The remainder of the paper is organized as follows. Section 2 briefly discusses related work on fake news detection and the sub-problems of claim and conspiracy detection. Section 3 presents details of image, text, and multimodal features as well as the fine-tuned and applied models. Section 4 describes the experimental setup, results and summarizes our findings. Section 5 concludes the paper with future research directions.

There is a wide body of work on fake news detection that goes well beyond this paper's scope. Therefore, we restrict this section to multimodal fake news, claim detection, and conspiracy detection.

The earliest claim detection works go back a decade. Rosenthal et al. [34] in their pioneering work extracted claims from Wikipedia discussion forums. They classified them via logistic regression using the sentiment, syntactic and lexical features like POS (Part-of-Speech) tags and n-grams, and other statistical features over text. Since then, researchers have proposed context dependent [22] , context independent [23] , and cross-domain [10] and in-domain approaches for claim detection. Recently, the transformer-based models [6] have replaced structurebased claim detection approaches due to their success in several downstream natural language processing (NLP) tasks.

For claim detection on social media in particular, recently CLEF-CheckThat! 2020 [2] hosted a challenge to detect check-worthy claims in COVID-19 related English tweets and several other topics in Arabic.
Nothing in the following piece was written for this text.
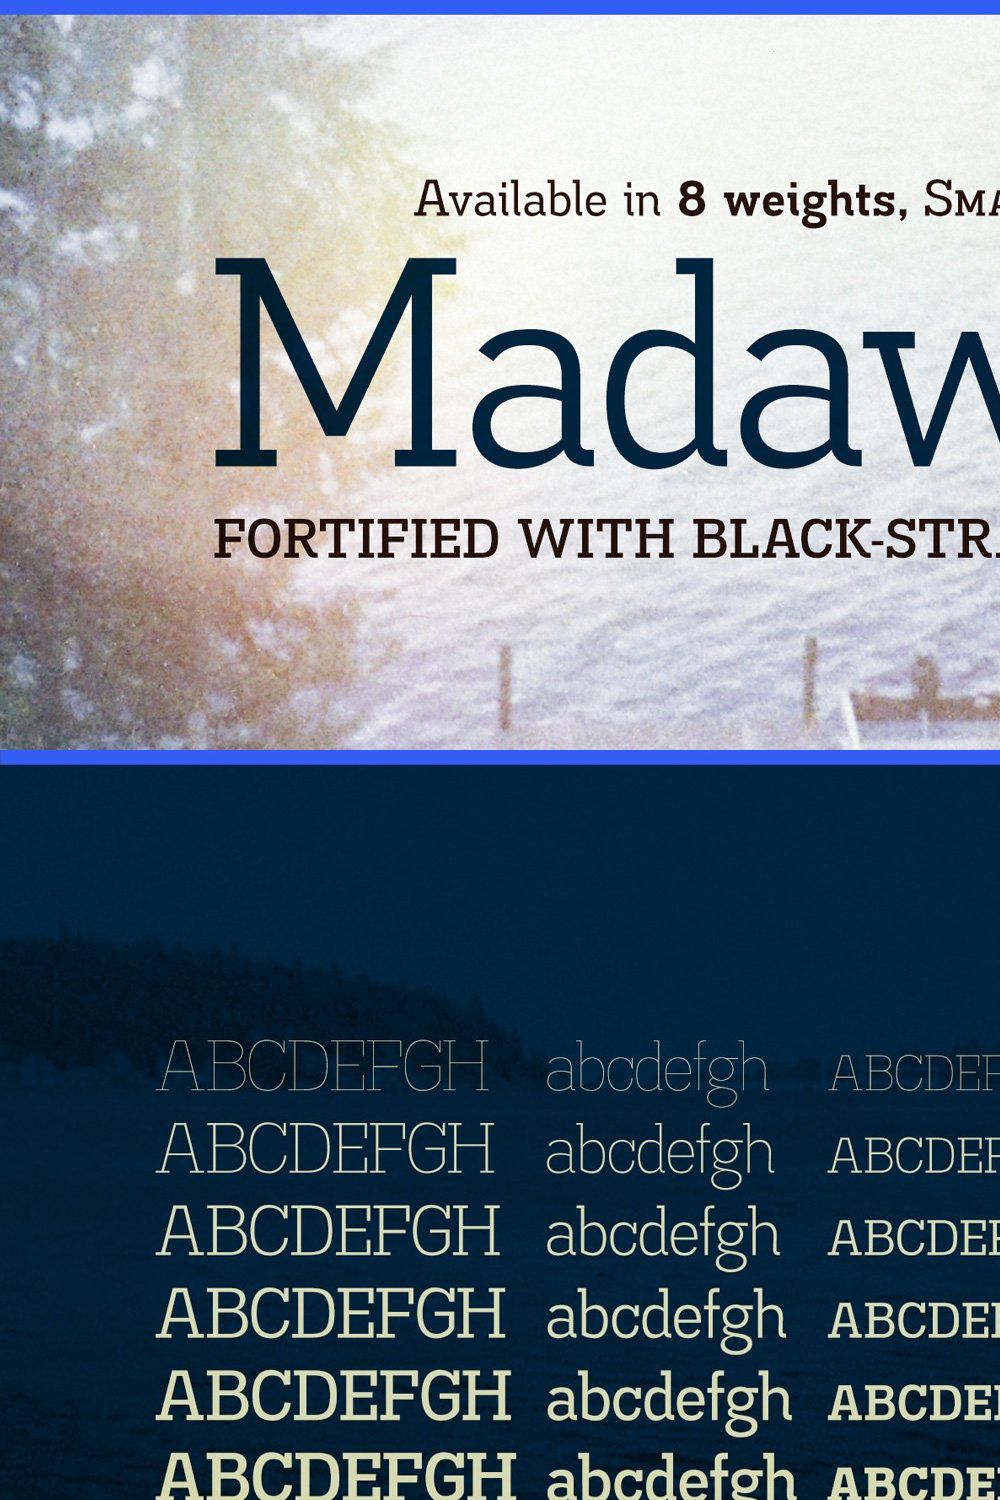 Madawaska pinterest preview image.

The challenge attracted several models with top submissions [7, 32, 44] all using some version of transformer-based models like BERT [11] and RoBERTa [24] along with tweet meta-data and lexical features. Outside of CLEF challenges, some works [12, 27] have also conducted a detailed study on detecting check-worthy tweets in U.S. politics and proposed real-time systems to monitor and filter them. Taking inspiration from [10] , Gupta et al. [16] address the limitations of current methods in cross-domain claim detection by proposing a generalized claim detection model called LESA (Linguistic Encapsulation and Semantic Amalgamation). Their model combines contextual transformer features with learnable POS and dependency relation embeddings via transformers to achieve impressive results on several datasets. For conspiracy detection, MediaEval 2020 [33] saw interesting methods to automatically detect 5G and Coronavirus conspiracy in tweets. Top submissions used BERT [8, 28] pre-trained on COVID Twitter data, tweet meta-data, graph network data and RoBERTa models [9] along with Graph Convolutional Neural (GCN) networks.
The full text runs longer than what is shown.